She knows she can't be a boy and has no desire to be. I praise her for challenging gender stereotypes. She had just had a groovy short haircut, shaved on one side and the back. I'm dreading someone call her a boy in September so I am trying to think of a good comeback. The best one is that her old teacher has very much the same hairstyle and she is a woman. My daughter's haircare has been a source of sensory overload for most of her life so this new haircut is liberating for her. She even said she felt more confident and we got out a for a bike ride.
There are so many strategies that can be put in place for autistic kids, the diagnosis is really important for that. And for her it helps her be stronger in her identity and hopefully less prone to all the trans ideology out there. It only takes one peer to say you must be trans because you look like a boy and that would be enough to create a super focus for an autistic girl.
Puberty and autism can be even more stressful and I'm preparing for this now. I'm on a great parenting Facebook group for autistic girls which is a fab source of strategies that you don't find in books yet. There is a mixture of GC and trans supporting parents and this issue is being debated more.

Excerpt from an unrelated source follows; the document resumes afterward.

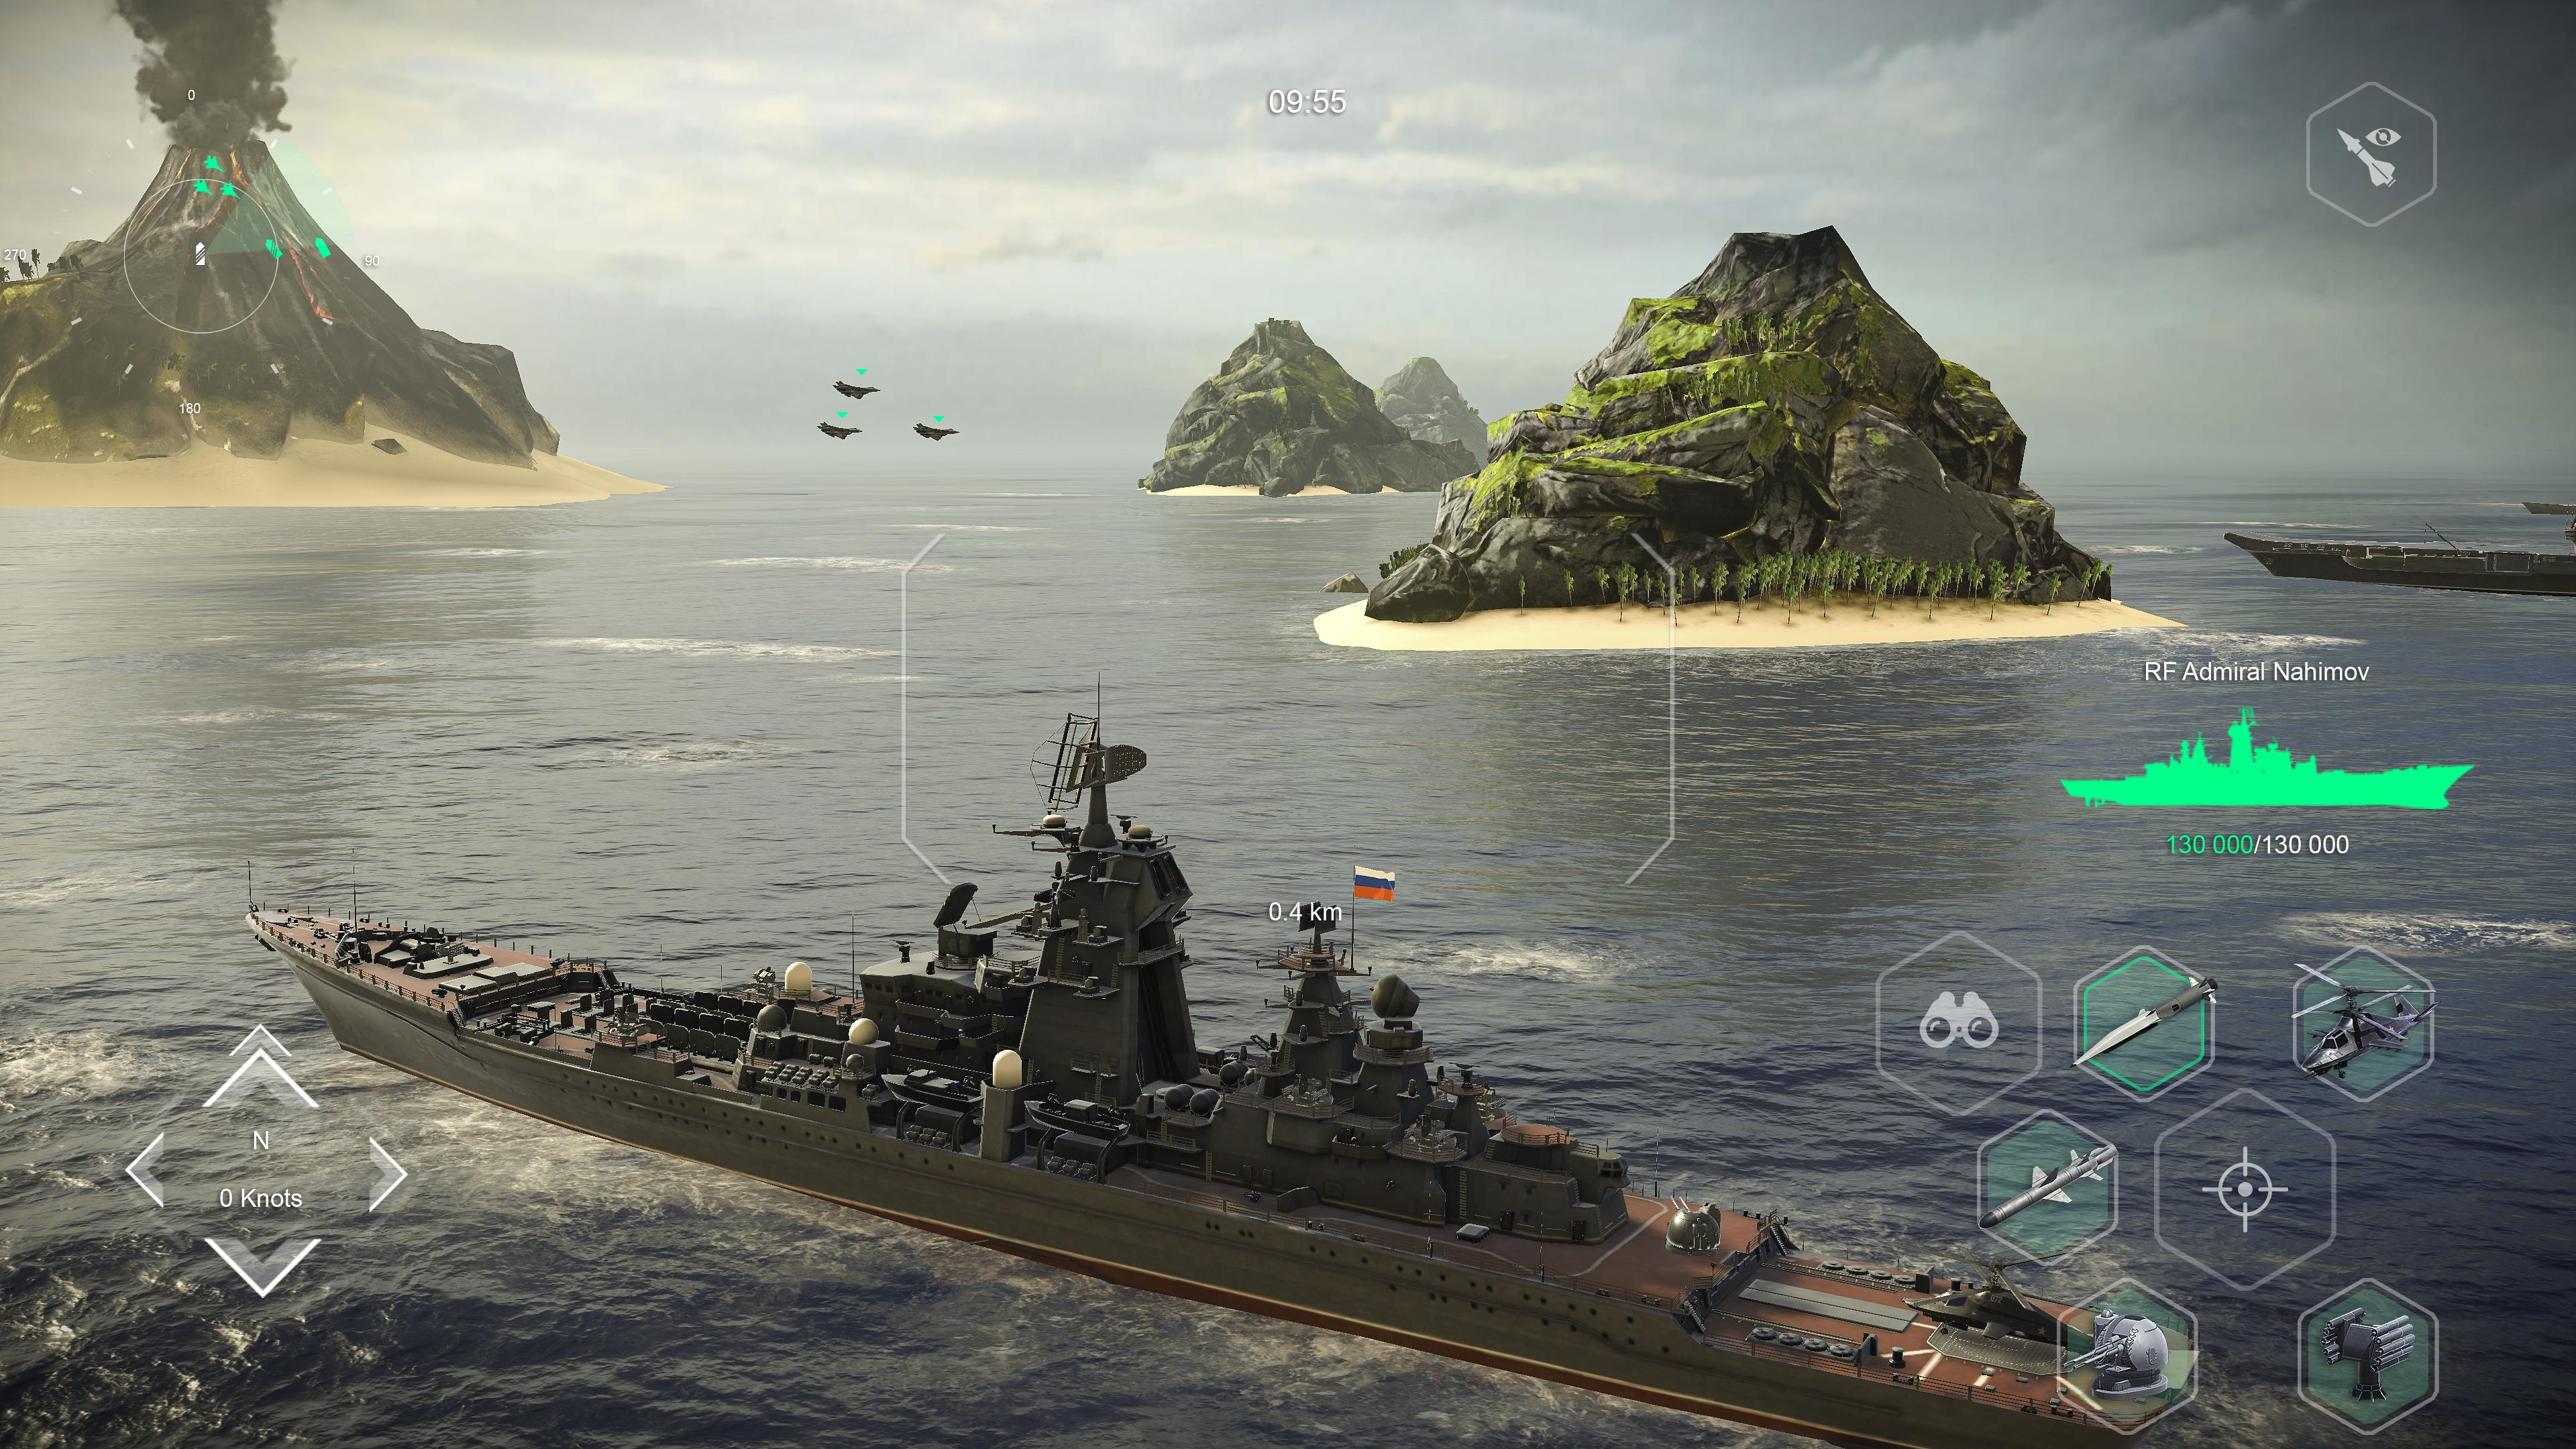 Военно-морской экшен Modern Warships стал доступен на Android!
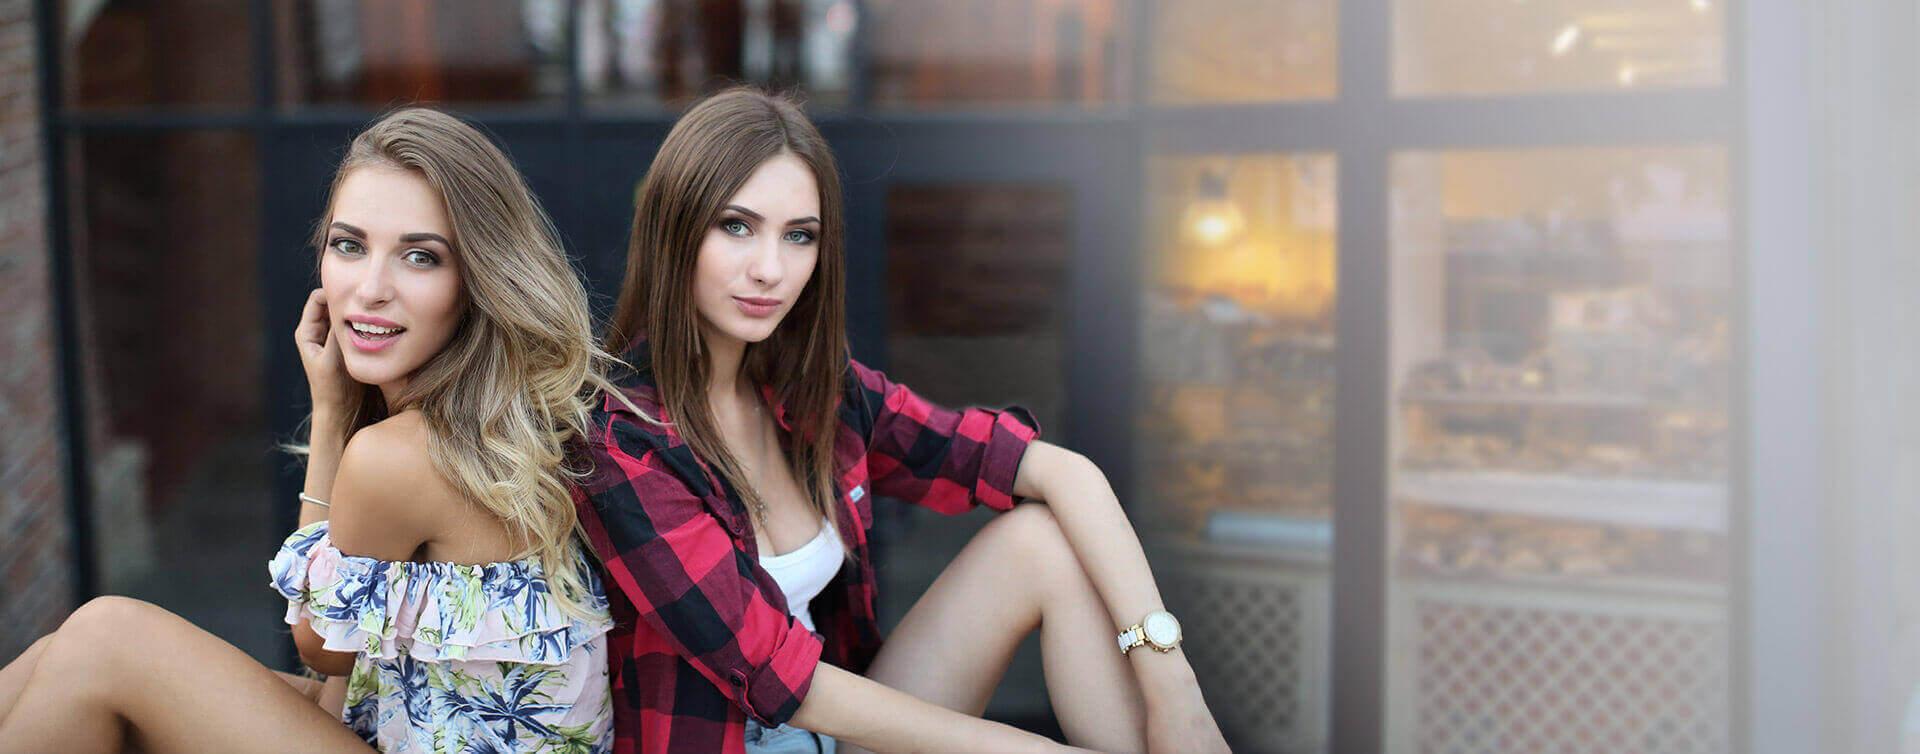 Youtube Ukrain Girls Search Browse

Goosefoot · 07/07/2020 13:46

@corlan

I work in a girls secondary school and I think the issue of girls with autism wanting to transition is one that we haven't got to grips with. Gender sterotypes seem to have become so narrow for young people now, that if you step outside them in any way, there is the suggestion that you may be 'trans.' I think once some of the girls start looking into the trans issue online, it feels like there's a club they can belong to. A way of explaining why they don't fit in. They fall down the rabbit hole and end up on a pathway towards transitioning that may well not end in the peace of mind they seek.
I think you are right about the gender stereotypes.

It's interesting to me that some people think of things like glitter or unicorns being part of being "girly". Growing up in the 70s/early 80s, I was always a tomboy, but I had friends who were considered girly. There was still no glitter or unicorns, they might have been more interested in dolls, or dressing up. When we played games they wanted to play the girl, not a boy. But basically they wore the same clothes as the rest of us 90% of the time, and played Star Wars or GI Joe or climbed trees and made forts and rode bikes around. Everyone wore hand me downs a lot of the time, often from brothers, and everyone, even the tomboys, wore dresses and tights to picture day and the Christmas concert.

Goosefoot · 07/07/2020 13:58

[quote Gwynfluff]@DCIRozHuntley

Probably some of the things you are describing could fit with a diagnosis of ASC. Coming to this years later and looking back at one of own children who did manage primary.

What was protective was encouraging interests. Does your DD have any special interests (girls with ASC often doubt have the traditional tech/machinery obsessions). Minority sports like orienteering, climbing, roller derby are often good places to find other quirky kids. She might want to do cubs or scouts (though might be disappointed that boys fall out due to emotional/psychological entanglements as well). If she really dislikes being in groups - encouraging her other interests as much as you can.[/quote]
Roller derby is awfully pro-trans though. I'd worry about that.

Gwynfluff · 09/07/2020 21:48

It’s very alt, but very accepting of quirky kids and just stick to training

Jeeeez · 09/07/2020 23:34

@ keepingbees The Lorna Wing/Centre of the national autism society specialise in diagnosing girls and women, with more subtle assessments that pick up on the female presentation. I think you can be referred to one of their two units down South from across the UK so it'd be worth taking a look at their website.

ShinyFootball · 10/07/2020 01:17

Not RTFT sorry.

I know that autism is under diagnosed in girls.

But I don't have autism and relate to the blurb in the OP.

I'll read the rest now.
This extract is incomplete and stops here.